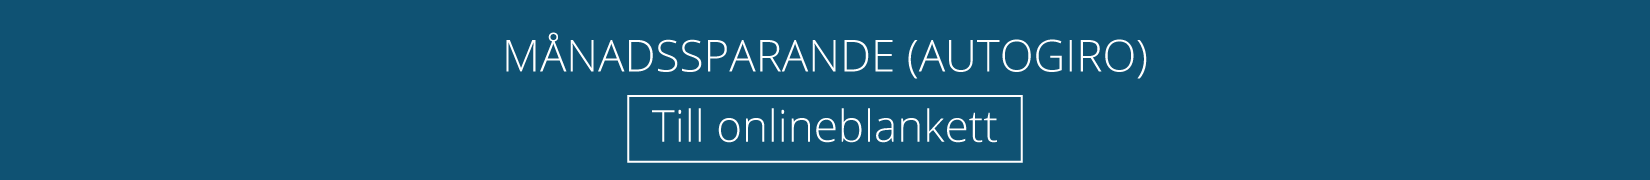 manadssparande_online
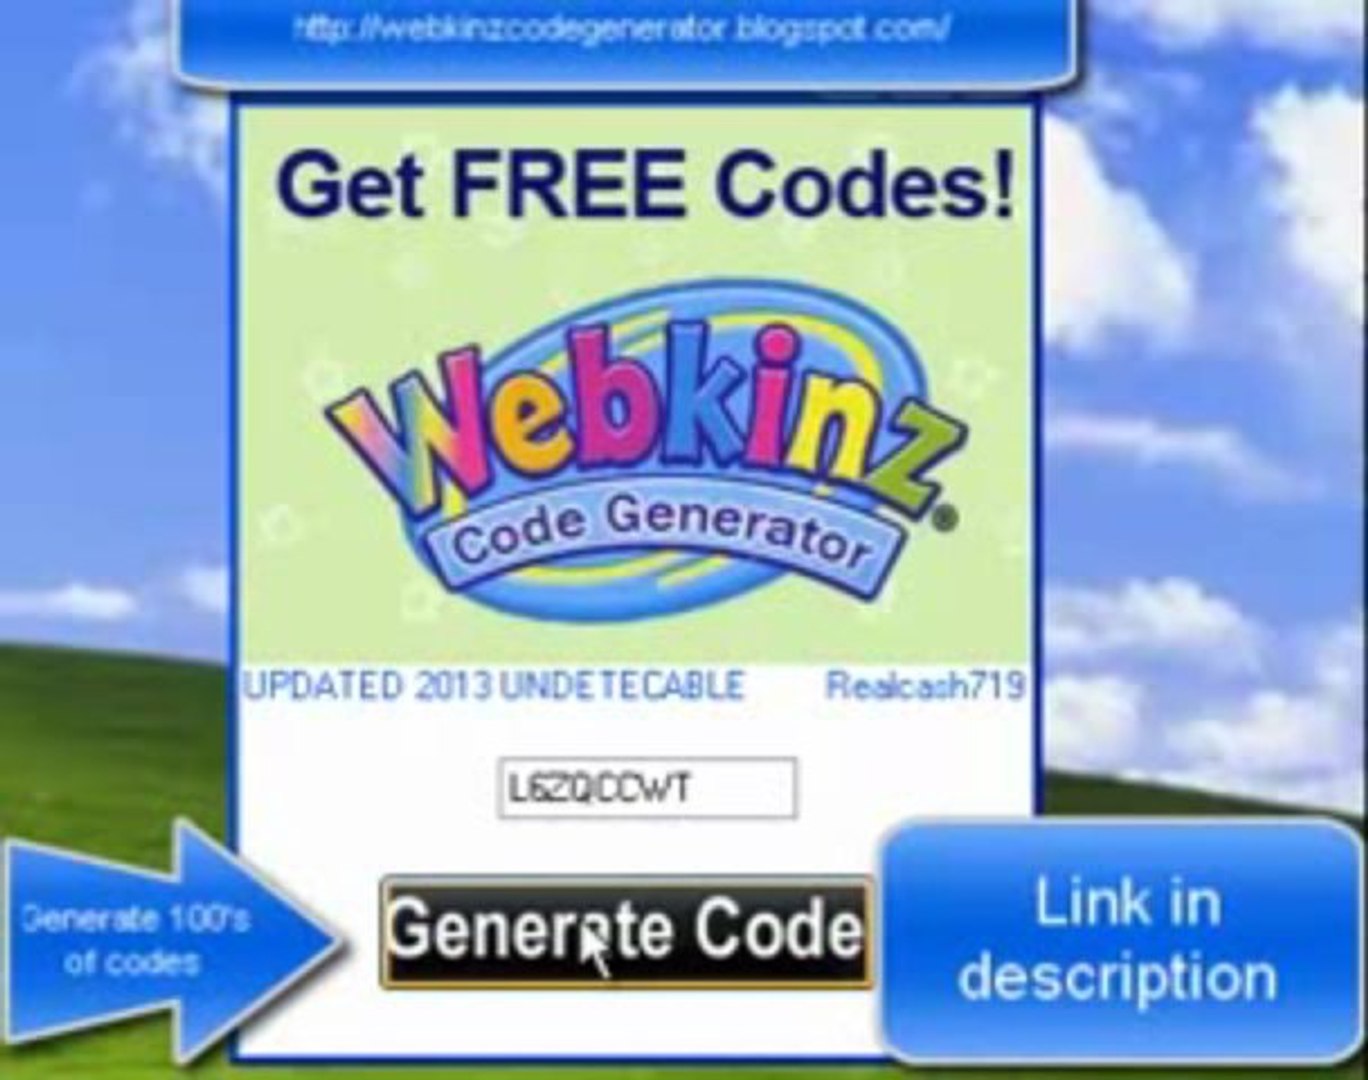 Webkinz Code Generator Générateur ( FREE Download ) June - July 2013 Update  - video Dailymotion
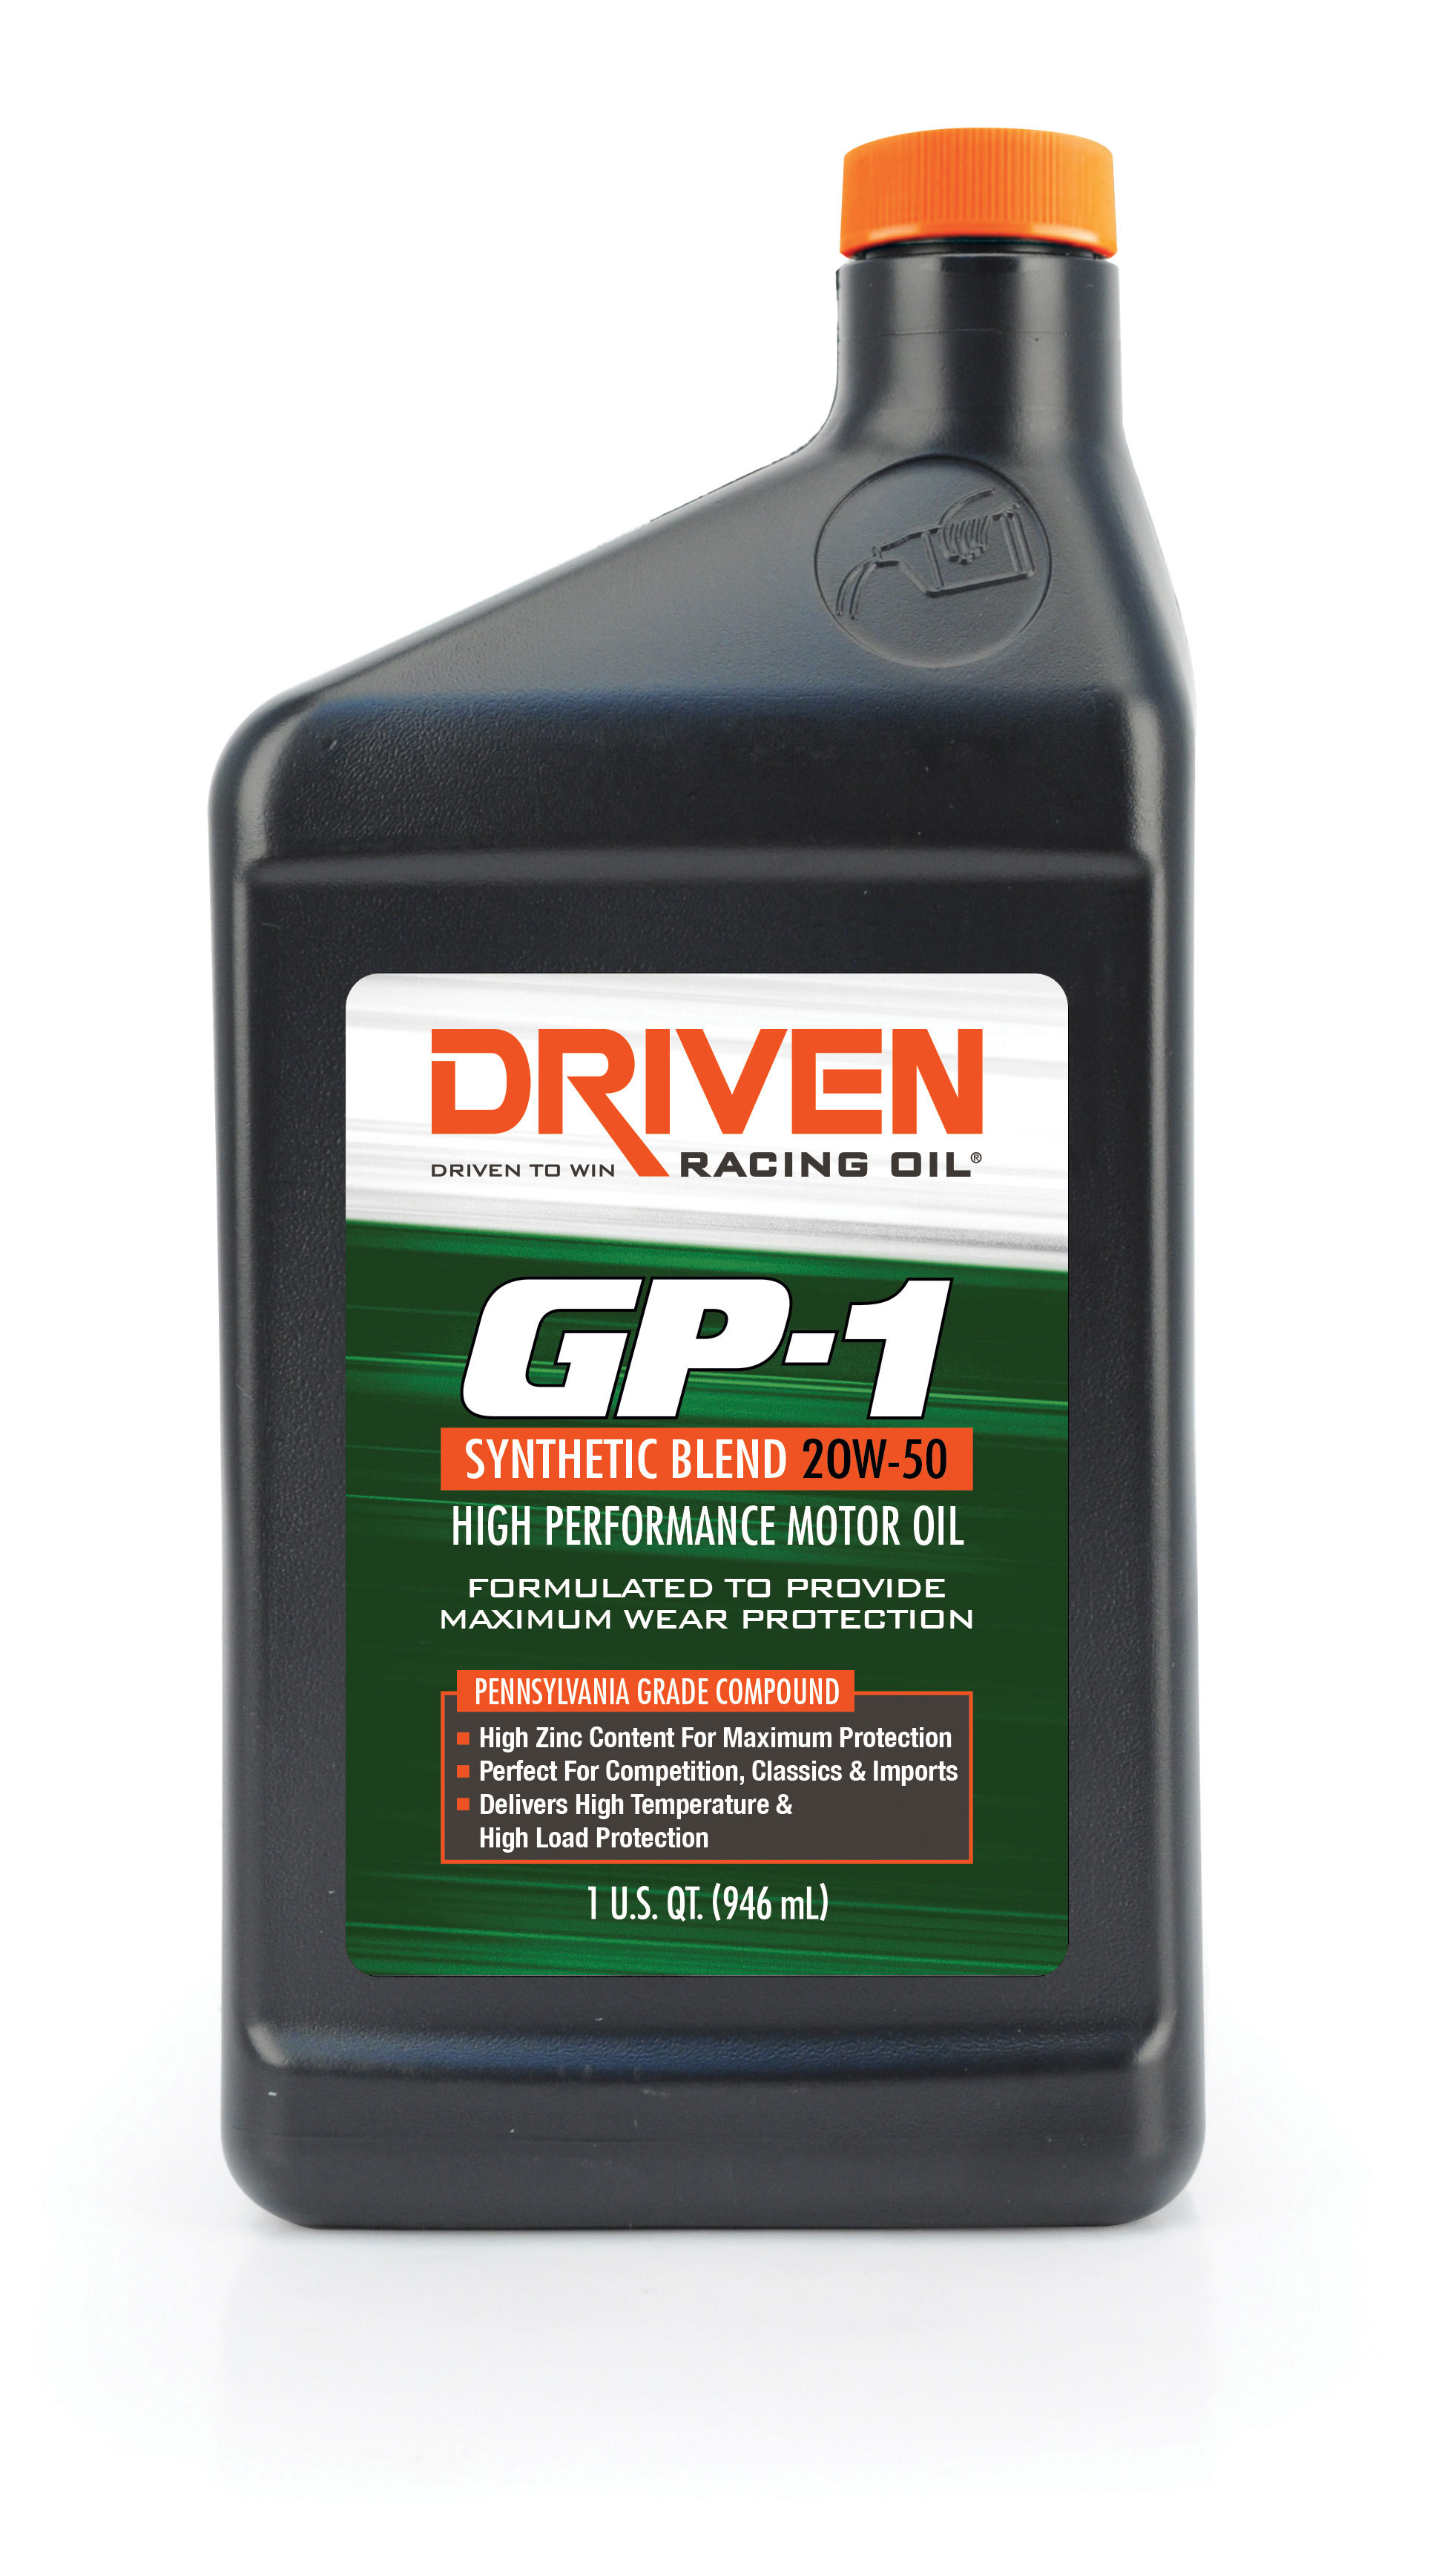 Driven GP1 20W-50 Synthetic Blend Racing Oil - 1 Quart Bottle 19506

--*--

#### Exercise aim
The pictures in the data should be omitted, and every remaining line set down exactly.

#### Solution
 manadssparande_online
 Webkinz Code Generator Générateur ( FREE Download ) June - July 2013 Update  - video Dailymotion
 Driven GP1 20W-50 Synthetic Blend Racing Oil - 1 Quart Bottle 19506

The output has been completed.